| PROBLEM TO WORK ON |
Please output the data exactly, minus pictures.

| DATA BELOW |
++++

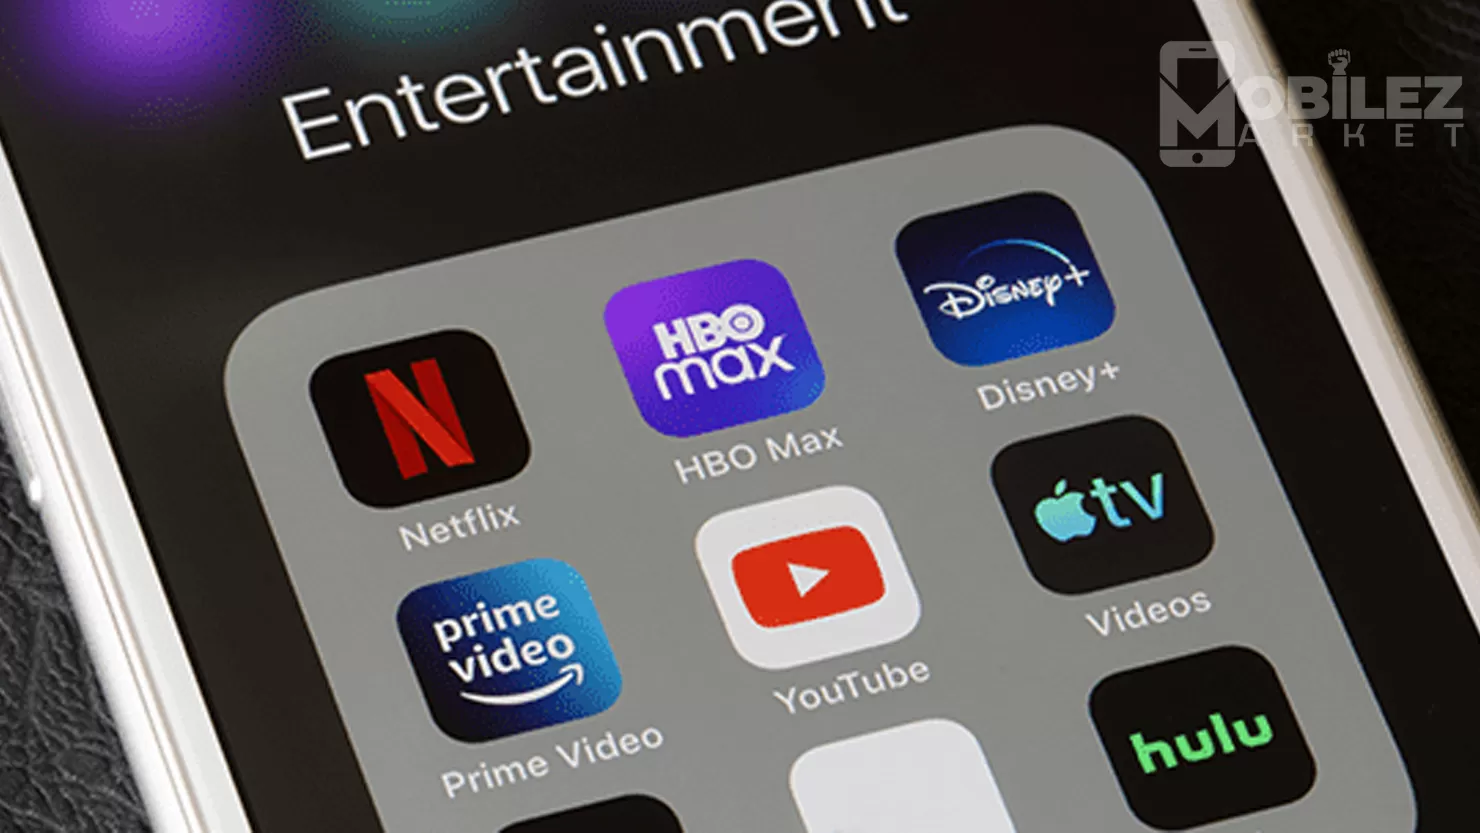 "Mobile Entertainment: Streaming Services and On-Demand Content"
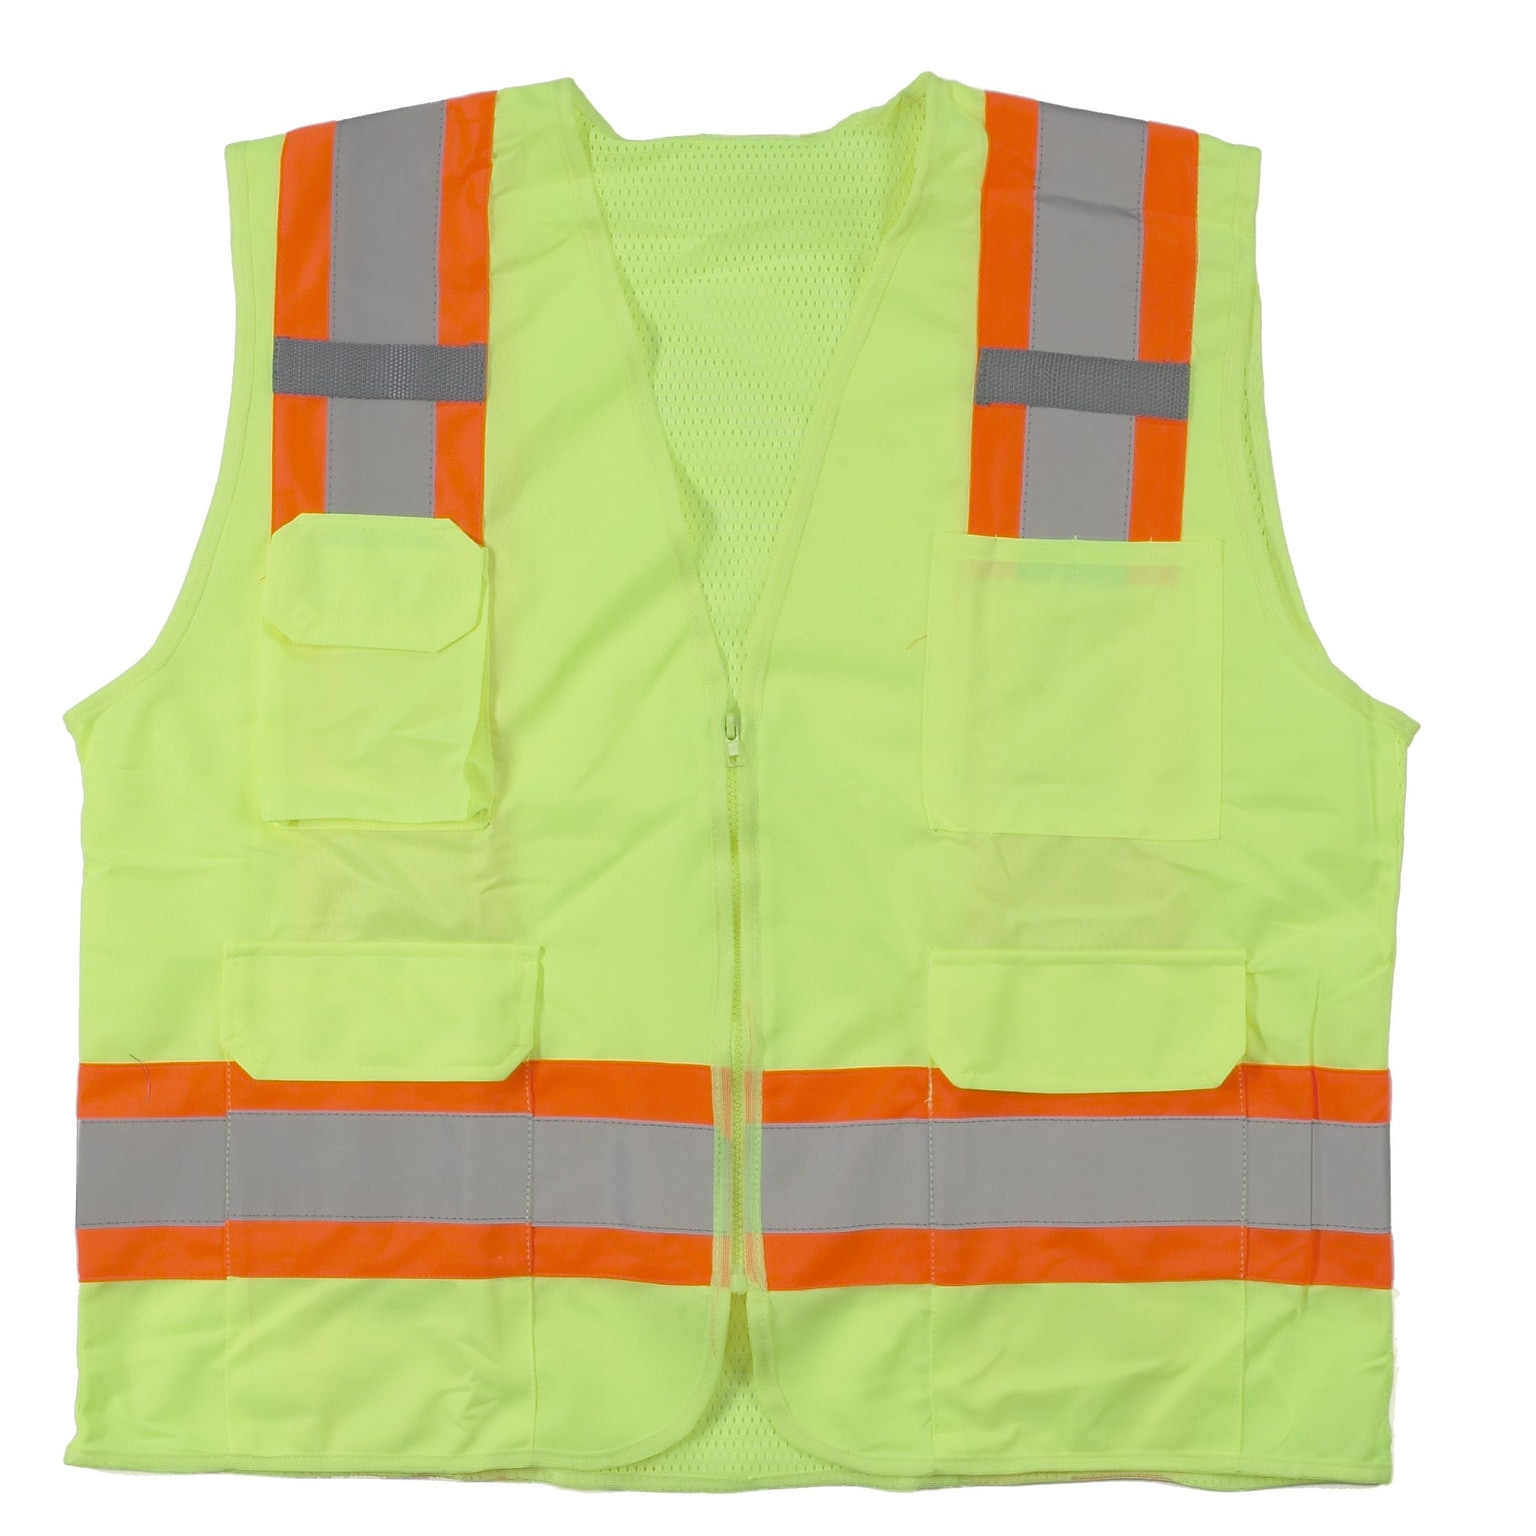 Mutual Industries MiViz High Visibility Sleeveless Safety Vest, ANSI Class R2, Lime, X-Large (16369-0-4)
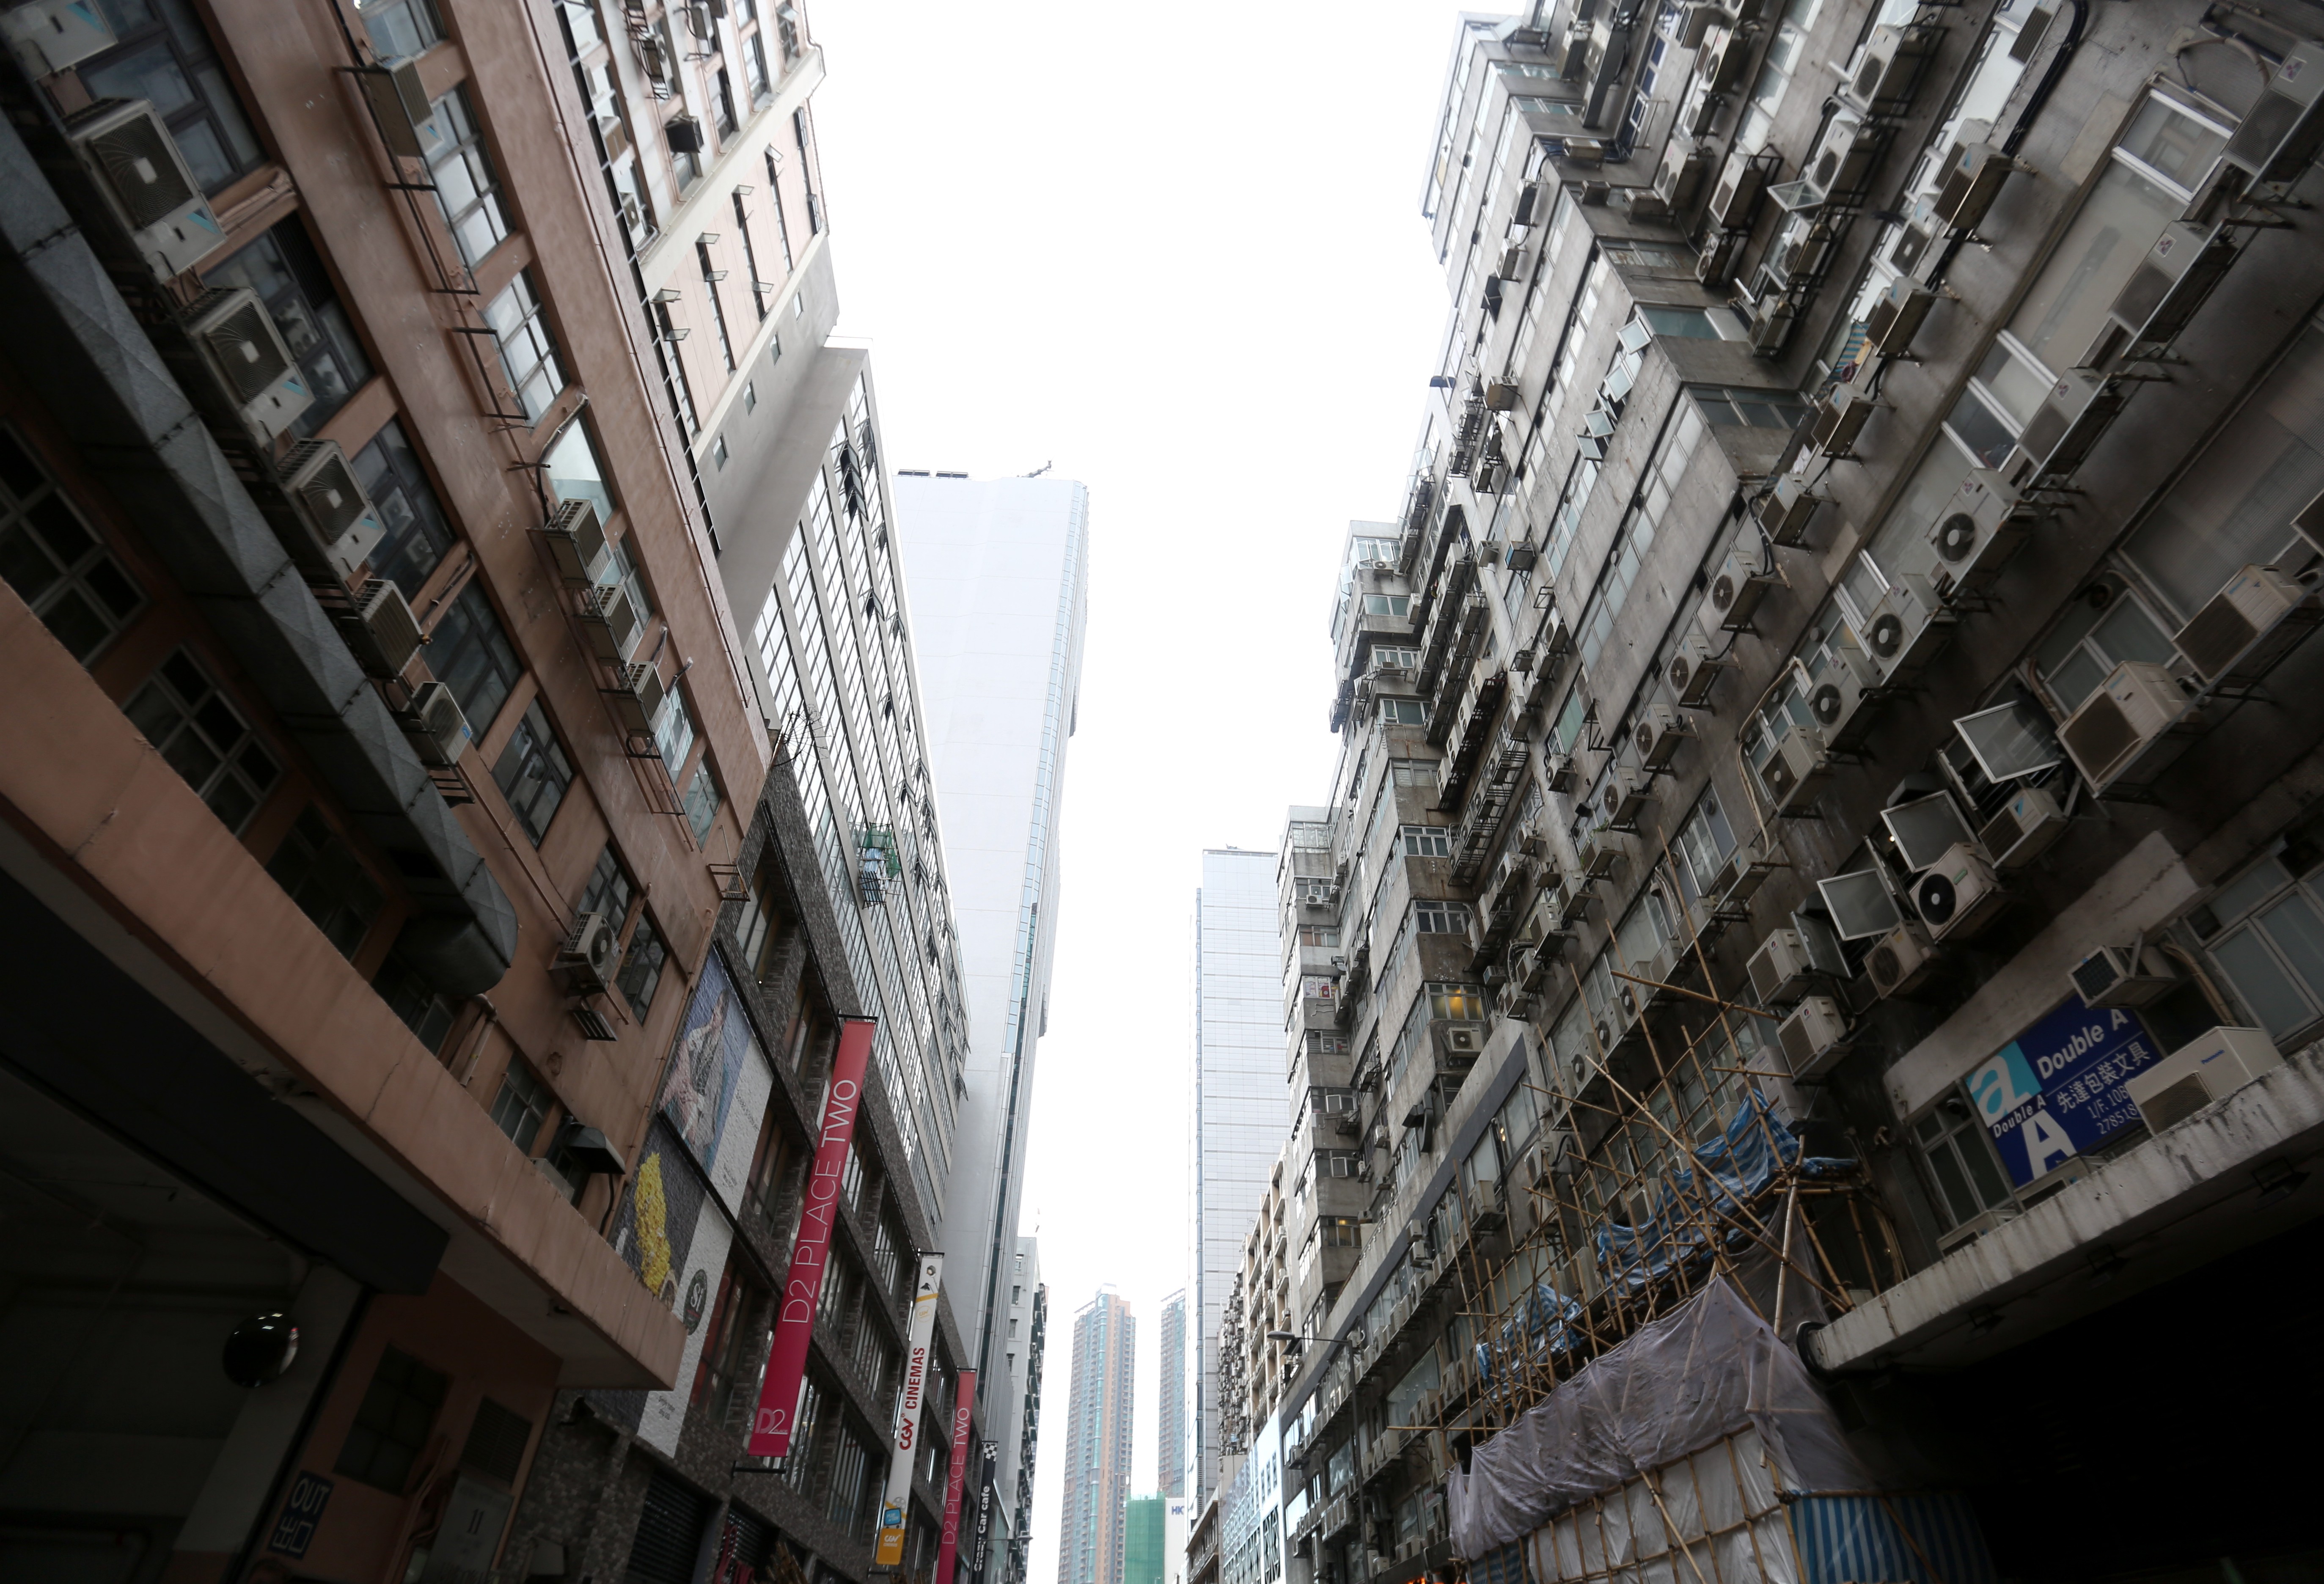 The scheme aims to push owners of industrial buildings to turn them into temporary social housing. Photo: Xiaomei Chen

++++

| ANSWER SPACE |
 "Mobile Entertainment: Streaming Services and On-Demand Content"
 Mutual Industries MiViz High Visibility Sleeveless Safety Vest, ANSI Class R2, Lime, X-Large (16369-0-4)
 The scheme aims to push owners of industrial buildings to turn them into temporary social housing. Photo: Xiaomei Chen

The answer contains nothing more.